PROBLEM STATEMENT: A faithful transcript of all the lines below, with no pictures, is the goal here.

DATA BLOCK:
================

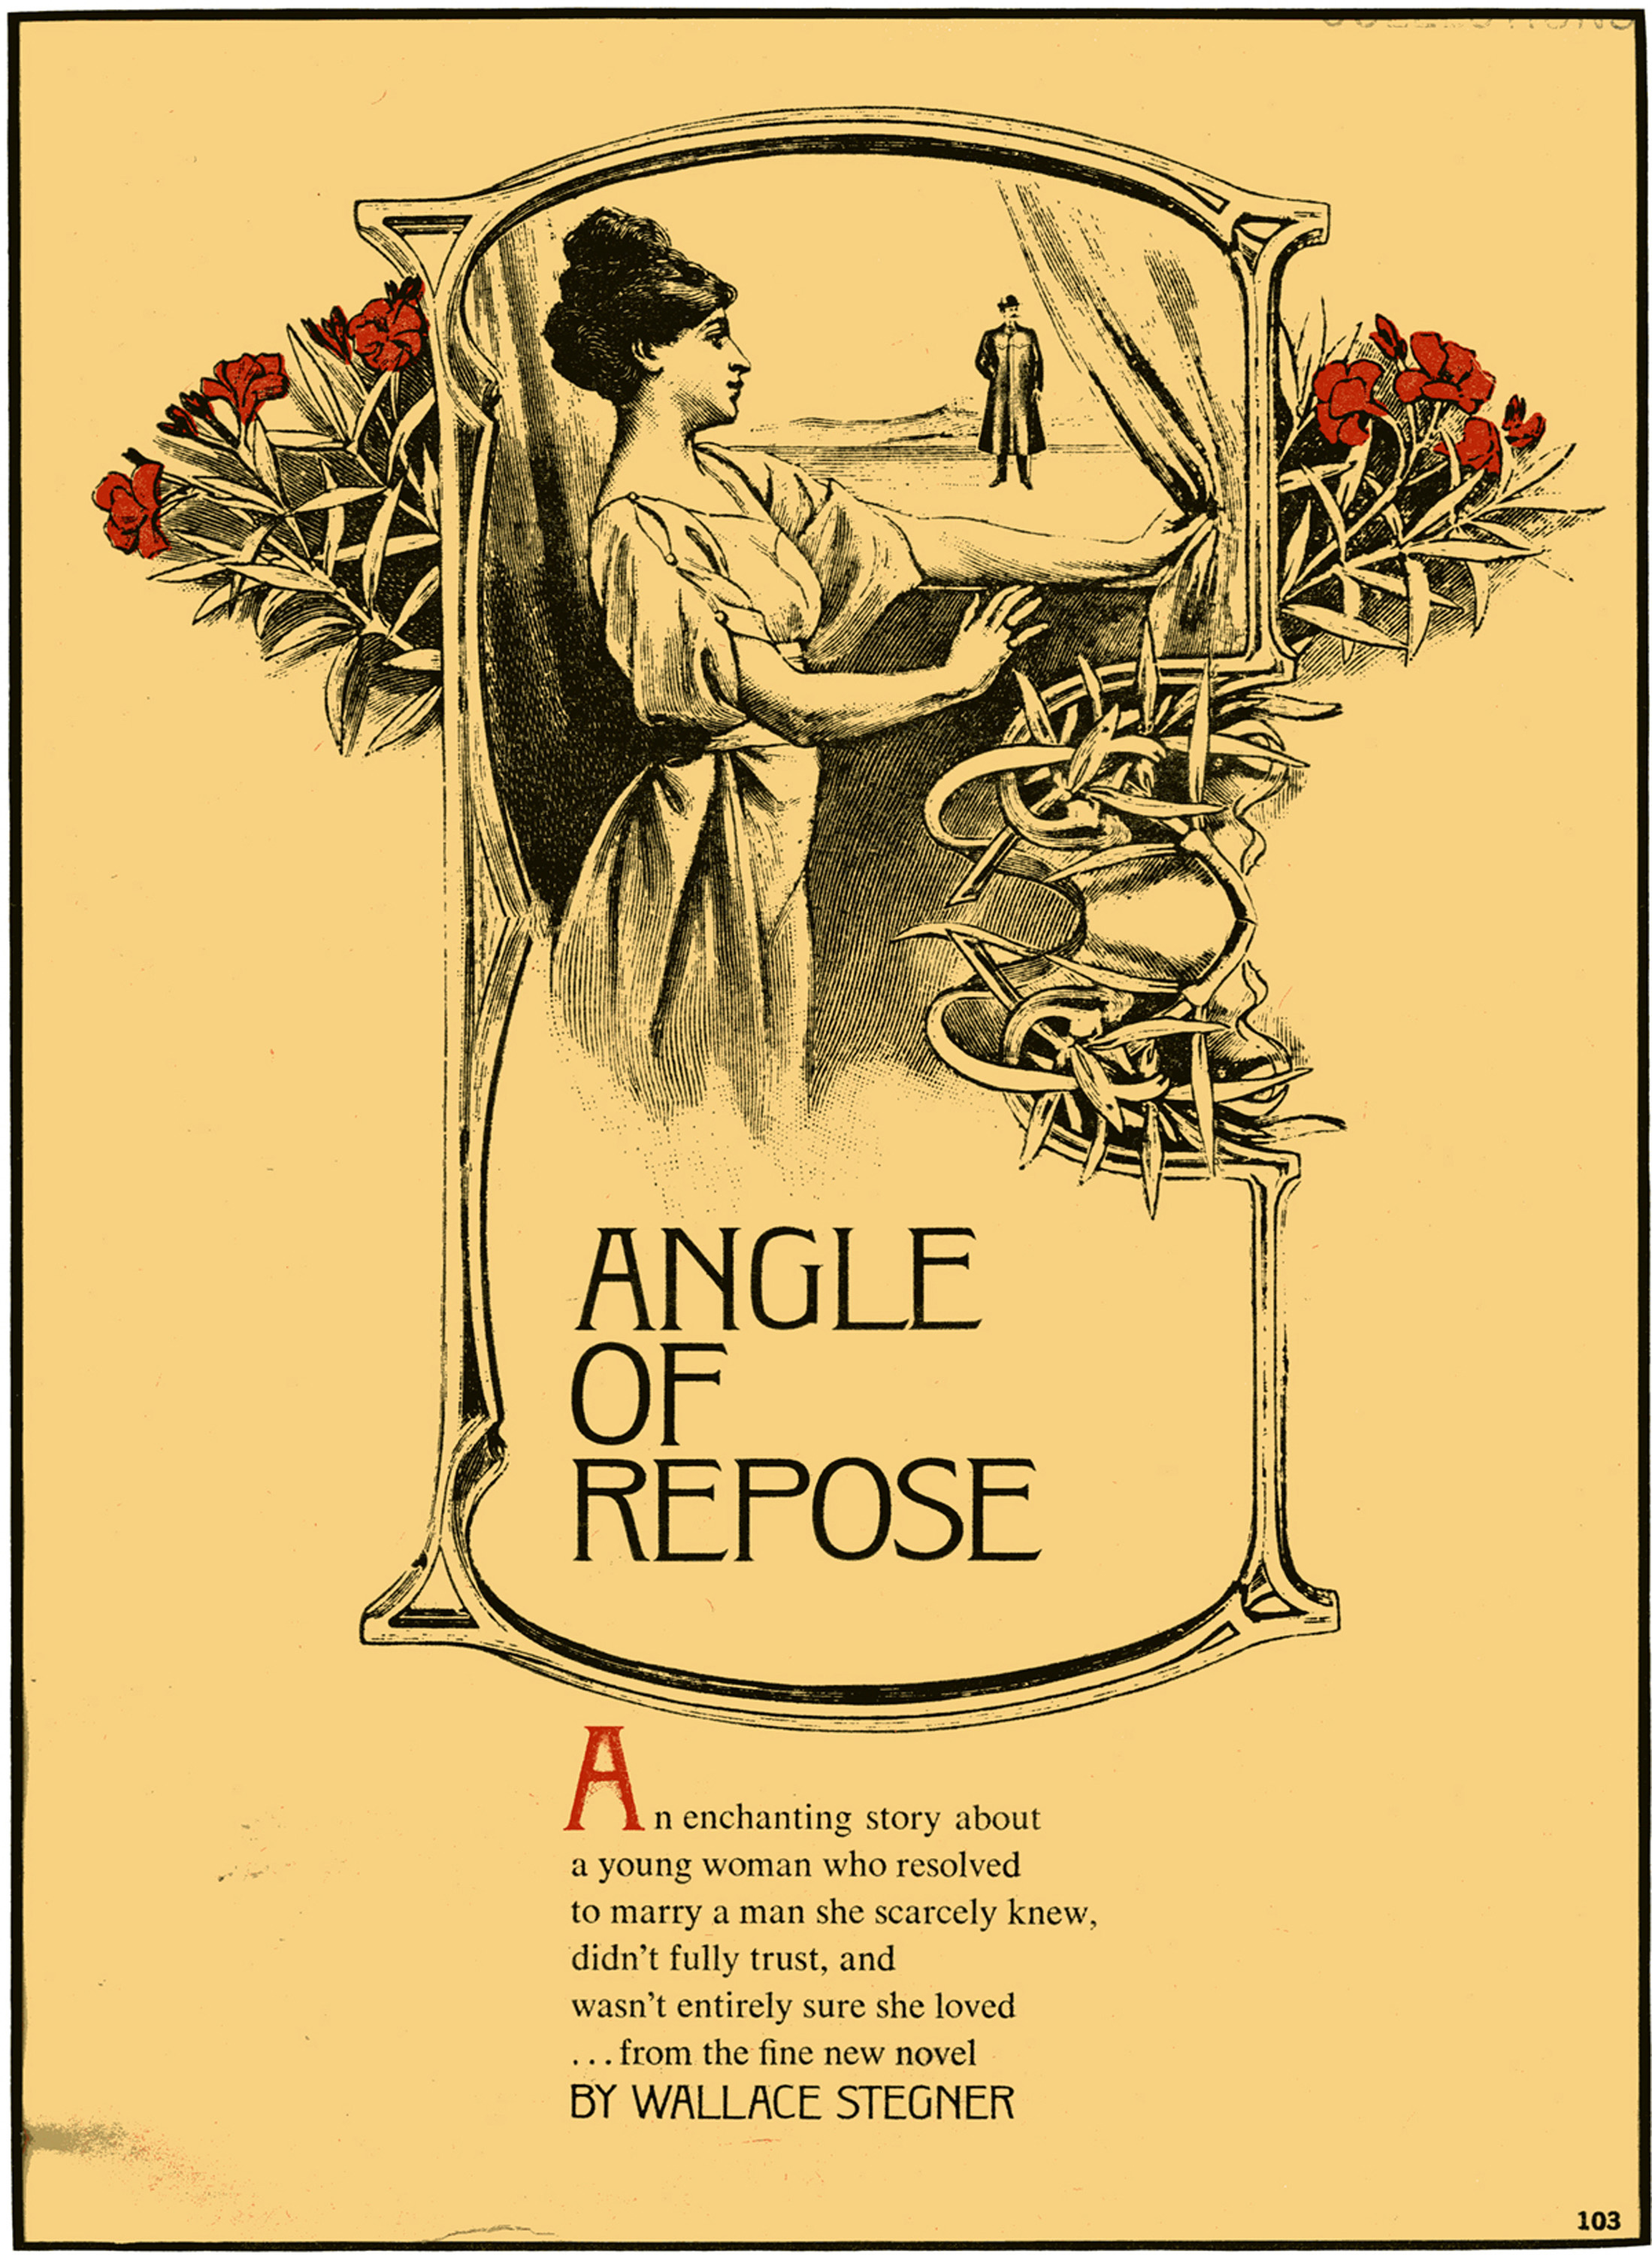 An advertisement for Angle of Repose
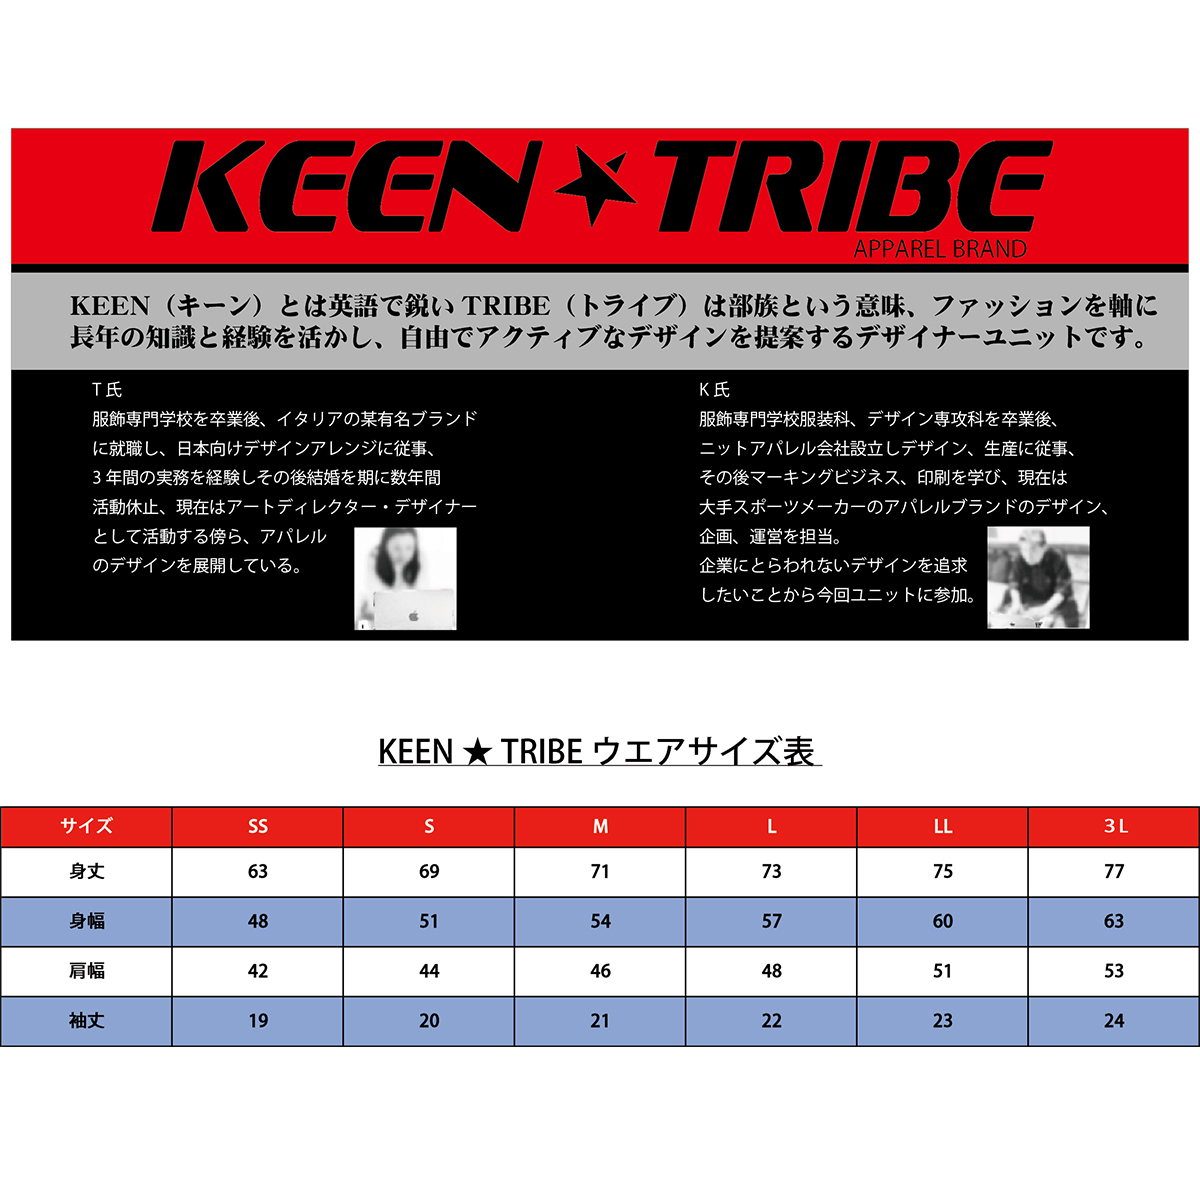 KEEN ★ TRIBE　KT-14(受注生産)
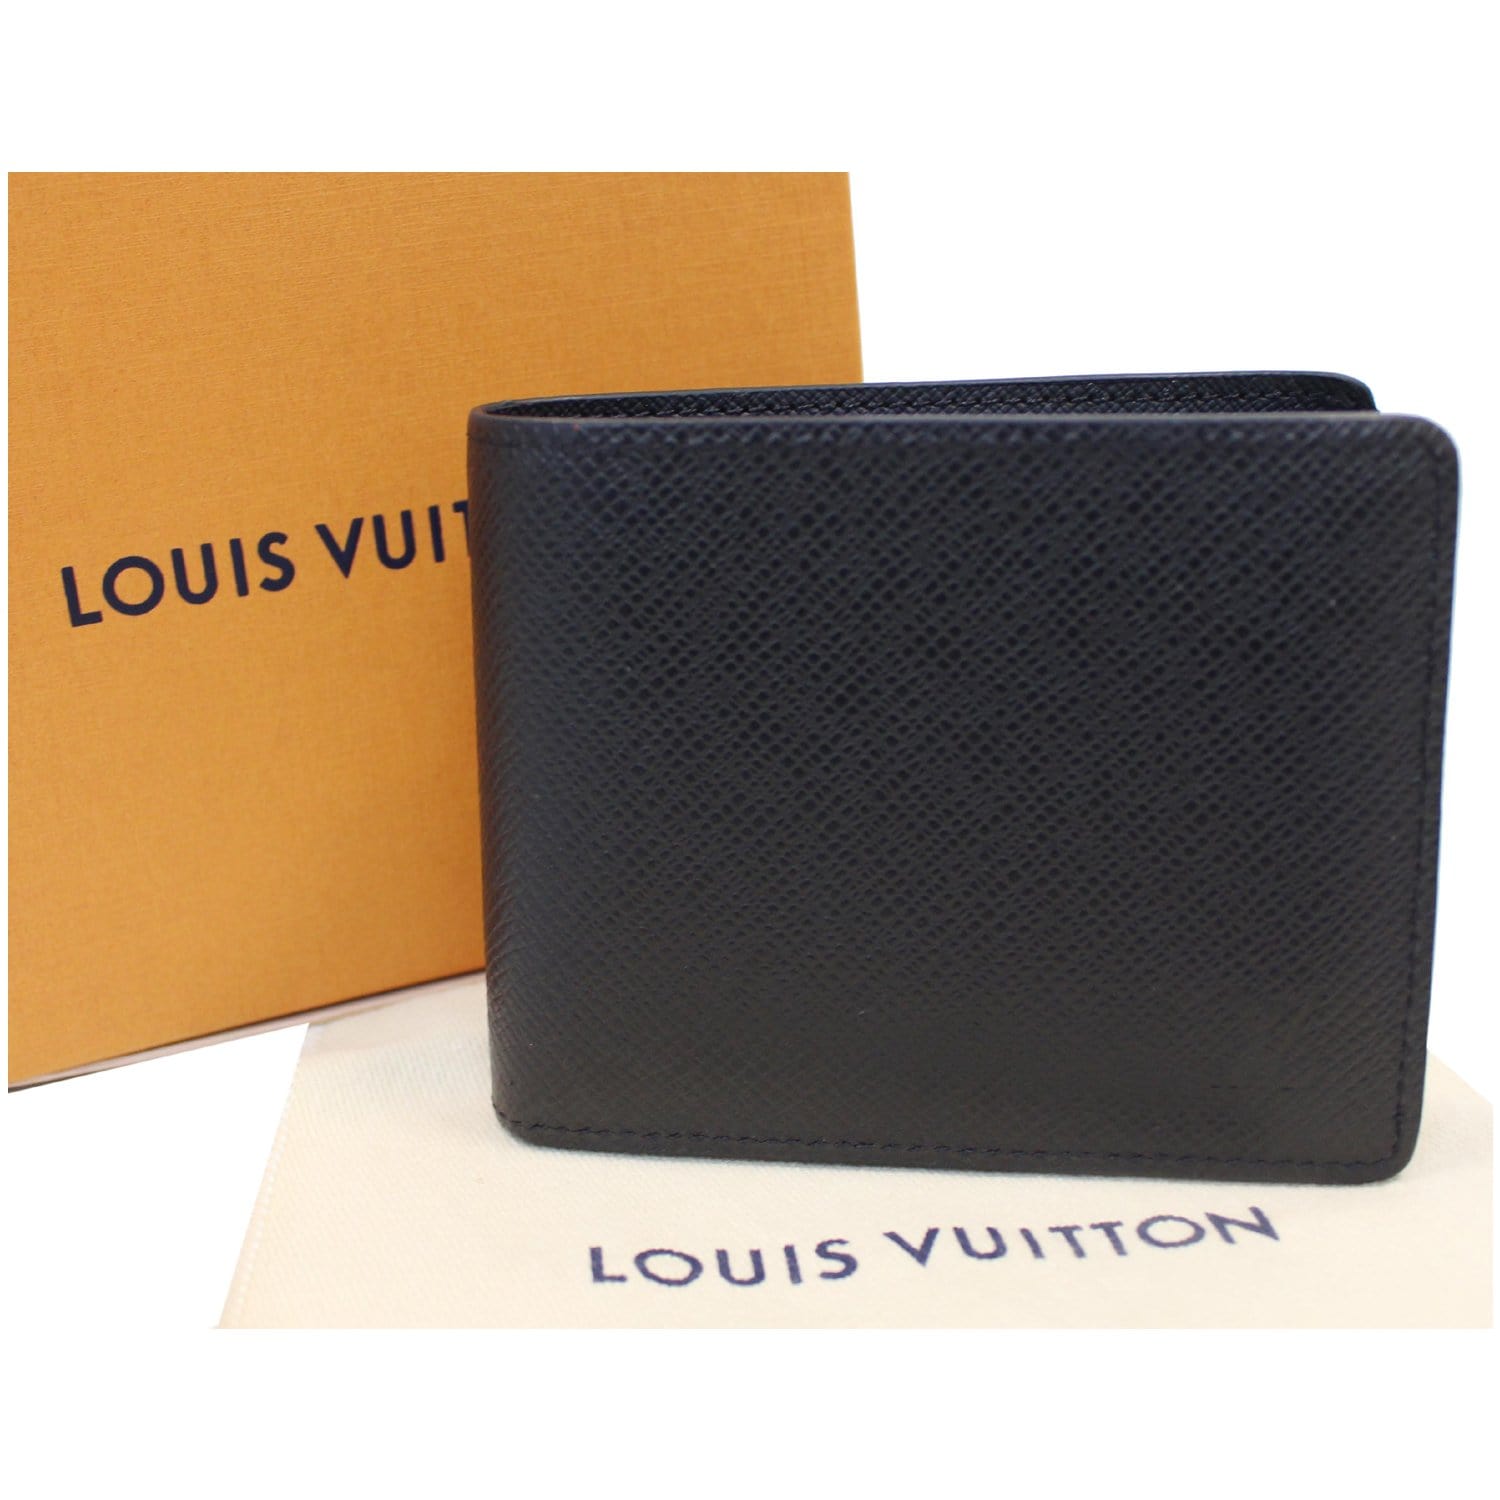 Authentic Louis Vuitton Taiga leather long wallet. 4” x 6.5” when
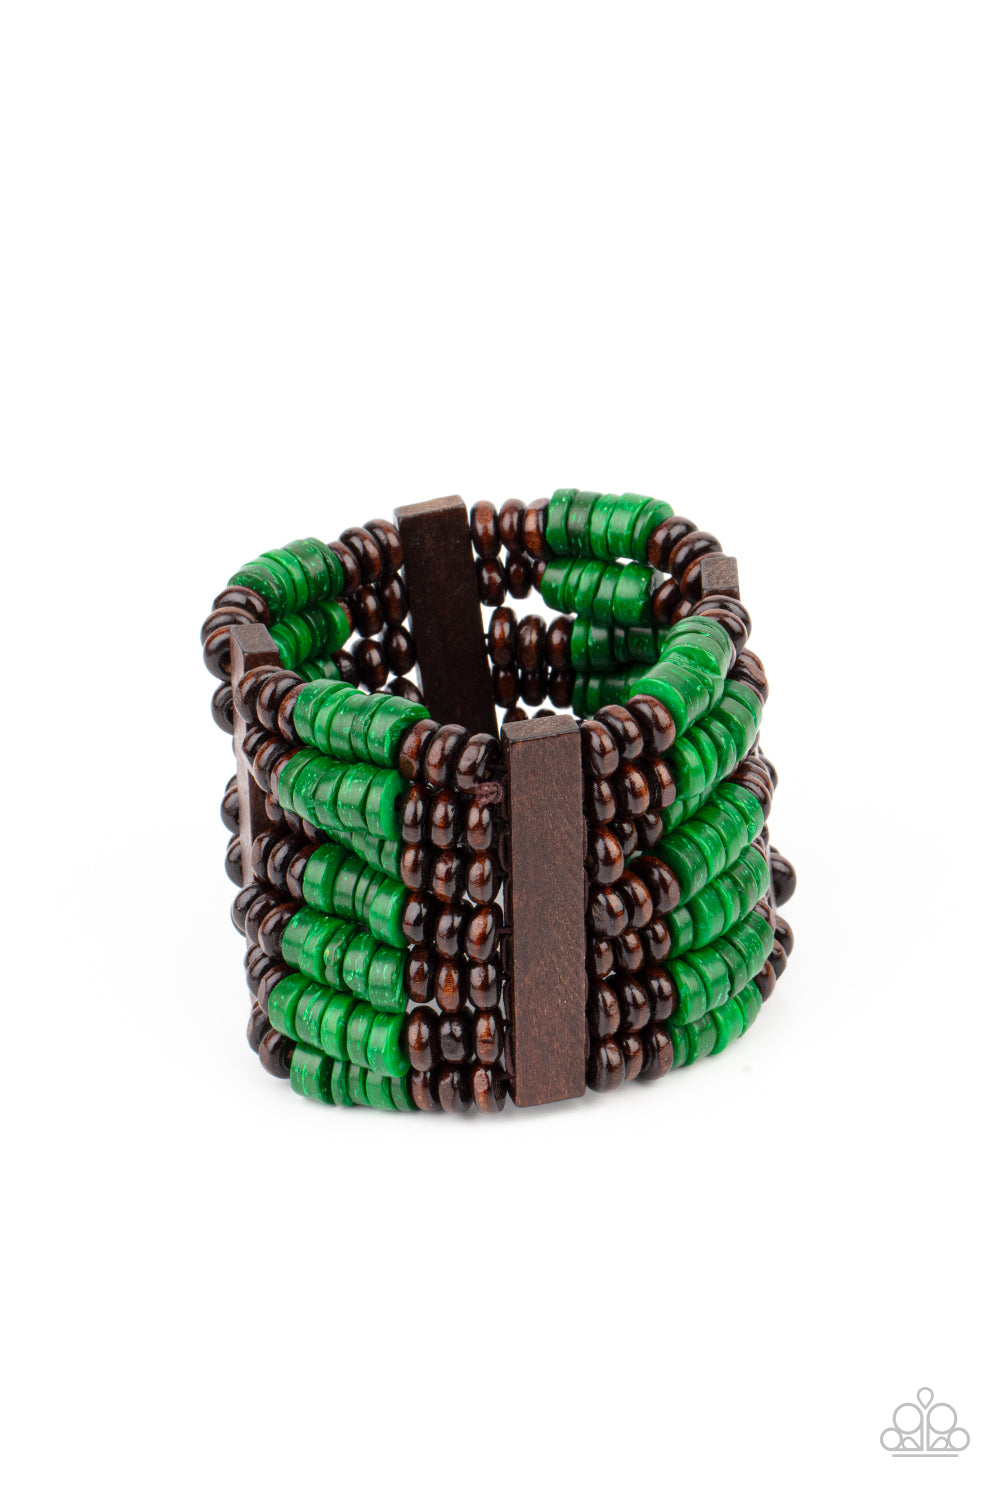 Vacay Vogue - Green Item #P9SE-GRXX-155XX Held together by rectangular wooden frames, rows of brown wooden and distressed Leprechaun discs are threaded along stretchy bands around the wrist for a seasonal pop of color around the wrist.  Sold as one individual bracelet.

================

RESPONSE TO THE TASK:
 An advertisement for Angle of Repose
 KEEN ★ TRIBE　KT-14(受注生産)
 Authentic Louis Vuitton Taiga leather long wallet. 4” x 6.5” when
 Vacay Vogue - Green Item #P9SE-GRXX-155XX Held together by rectangular wooden frames, rows of brown wooden and distressed Leprechaun discs are threaded along stretchy bands around the wrist for a seasonal pop of color around the wrist.  Sold as one individual bracelet.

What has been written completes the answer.